Adiba menghentikan sendoknya,"Menurut Bunda bagaimana?"ia malah balik bertanya. Beliau tersenyum menanggapi pertanyaan putrinya, "Kalau menurut Bunda dia pria baik-baik. Dia mengenal Allah dengan baik, maka dia juga akan mengajakmu untuk mengenal Allah lebih baik. Percayalah Rana, Bunda sudah pertimbangkan matang-matang hal ini. Bunda nggak mau kamu menjalani pernikahan yang salah seperti Bunda,"nadanya sendu saat mengakhiri kalimatnya.

Adiba mendadak merasa bersalah saat mendengarkan penjelasan Bunda di bagian ini. Karena bagaimanapun masa lalu Bunda, yang entah apa itu. Dia tetap wanita terbaik dan tertangguh dalam versinya.
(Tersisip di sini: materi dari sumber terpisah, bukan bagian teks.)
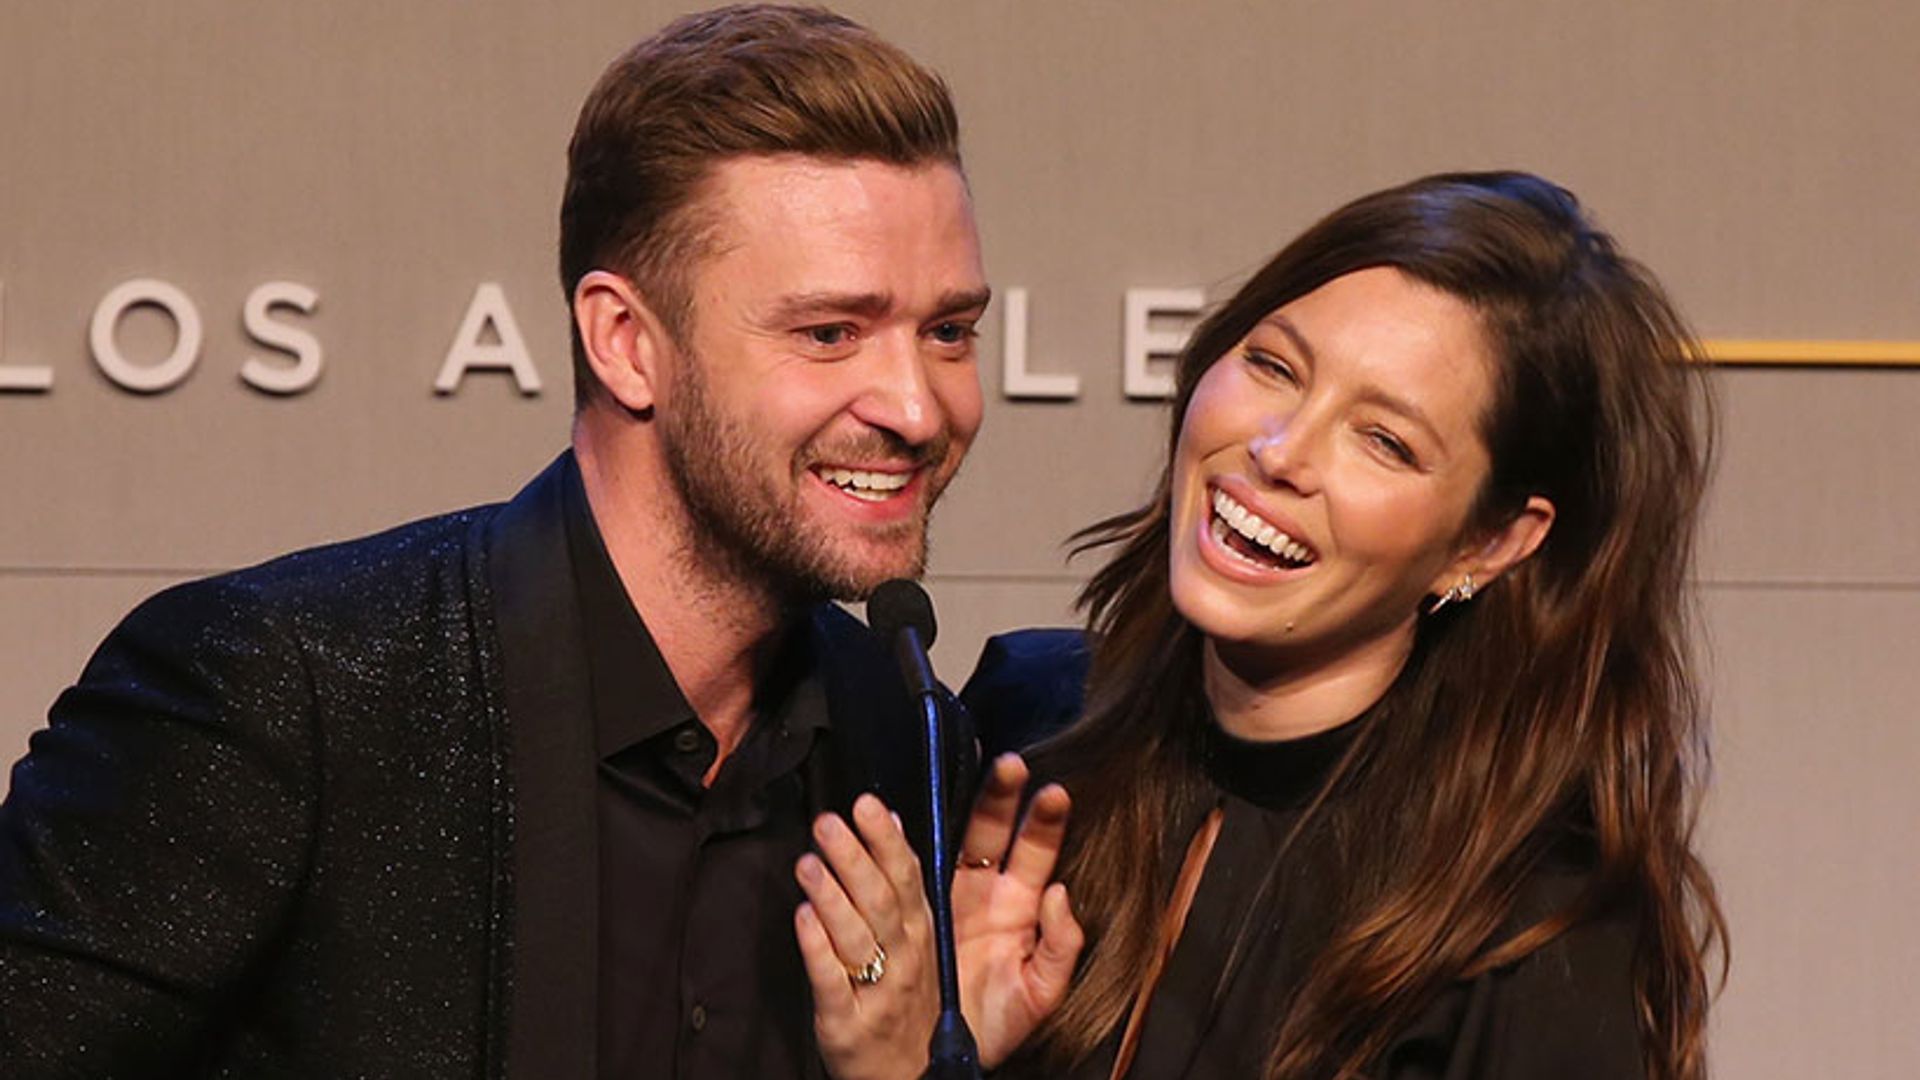 Jessica Biel shares rare picture of son, Silas - see the cute photo!

Pagi ini entah kenapa perasaannya lebih lega. Mungkin..., ia akan mengistikharahkannya. Sesegera mungkin Adiba pasti akan memberikan jawabannya.

***
To Be Continue 😊
Mohon kritik dan sarannya dan beri ☆ (Vote) jika suka (Ini tidak bersifat memaksa, murni jika reader menyukai ceritanya. Karena apalah arti ☆ (Vote) jika hanya pencet dan tanpa kejujuran 😂 )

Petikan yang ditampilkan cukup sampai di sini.